Lord Justice Leveson questioned David Cameron’s support for his inquiry into the press, police and politics in a phone call to Britain’s top civil servant, the Standard revealed.
The judge leading the probe was deeply concerned after the prime minister appeared to back Education Secretary Michael Gove, who claimed the inquiry had created a “chilling atmosphere” towards free speech.
The Appeal Court judge, who is leading the year-long investigation established by Cameron last July, phoned Cabinet Secretary Sir Jeremy Heywood to check whether the government still had confidence in his work.
He was upset with a statement made in the Commons by the Conservative leader shortly after Gove gave a speech defending the freedom of the press in February.

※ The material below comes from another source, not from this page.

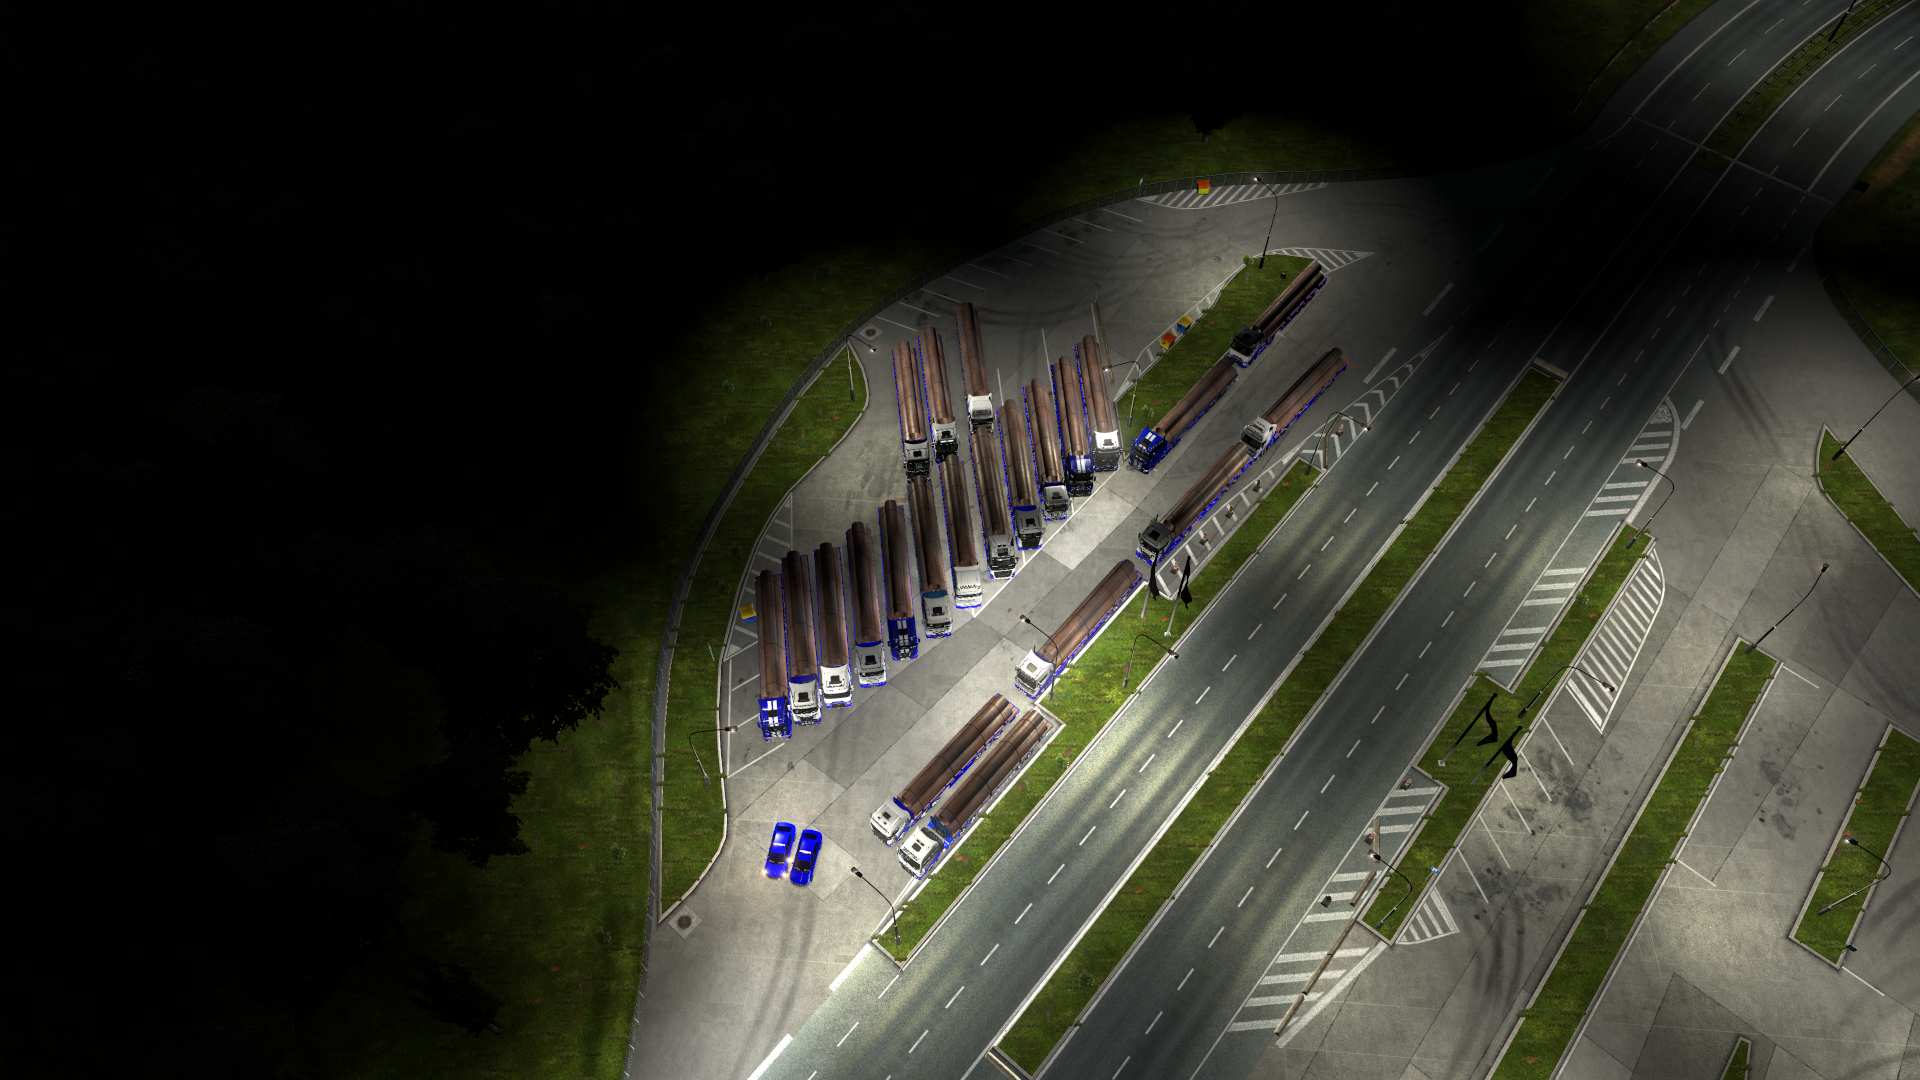 ets2_20200417_234451_00.png

During Prime Minister’s Questions, Cameron was asked by a Labour MP about his Tory colleague’s comments to political journalists at a Press Gallery luncheon.
He said: “It was right to set up the Leveson inquiry, and that is a decision fully supported by the entire government, but I think my right honourable friend (Gove) is making an important point, which is this: even as this inquiry goes on, we want to have a vibrant press that feels it can call the powerful to account, and we do not want to see it chilled - and although sometimes one may feel some advantage in having it chilled, that is not what we want.”
A senior source said Sir Jeremy, the most senior civil servant in Whitehall, checked with the prime minister and then assured Lord Justice Leveson he had No 10’s full support. Since the row, Downing Street has warned ministers not to provide a “running commentary” on the inquiry.
It is understood that Leveson believes his probe should be treated as formal court proceedings and politicians should be banned from commenting on it until he publishes his report later this year.
The clash erupted after Gove told a House of Commons Press Gallery lunch in February that the Leveson inquiry had created a “chilling atmosphere” towards freedom of expression and attempts to tighten newspaper regulation could result in “a cure worse than the original disease”.
The former Times journalist said that illegality within the Murdoch media empire should be “vigorously policed” but warned the government should not over-react to the News of the World phone-hacking scandal.
In an apparent swipe at Lord Justice Leveson, Gove added there was a danger of regulation being imposed by “judges, celebrities, and the establishment...all of whom have an interest in taking over from the press as arbiters of what a free press should be”.
Gove repeated his arguments when he gave formal evidence to the inquiry last month.
He described Rupert Murdoch as a “great man” and said journalists were “exercising a precious liberty” when they wrote articles.
In a tense exchange, the judge snapped back: “Gove, I do not need to be told about the importance of freedom of speech, I really don’t.” Lord Justice Leveson has had a tense relationship with Westminster since he began his investigation into newspaper ethics. When his inquiry uncovered e-mails that threatened the position of Jeremy Hunt, the culture secretary refused to fully explain himself to the Commons until he had appeared before Leveson. This angered Commons Speaker John Bercow, who warned Hunt that he was still accountable to Parliament.
A Downing Street source declined to comment.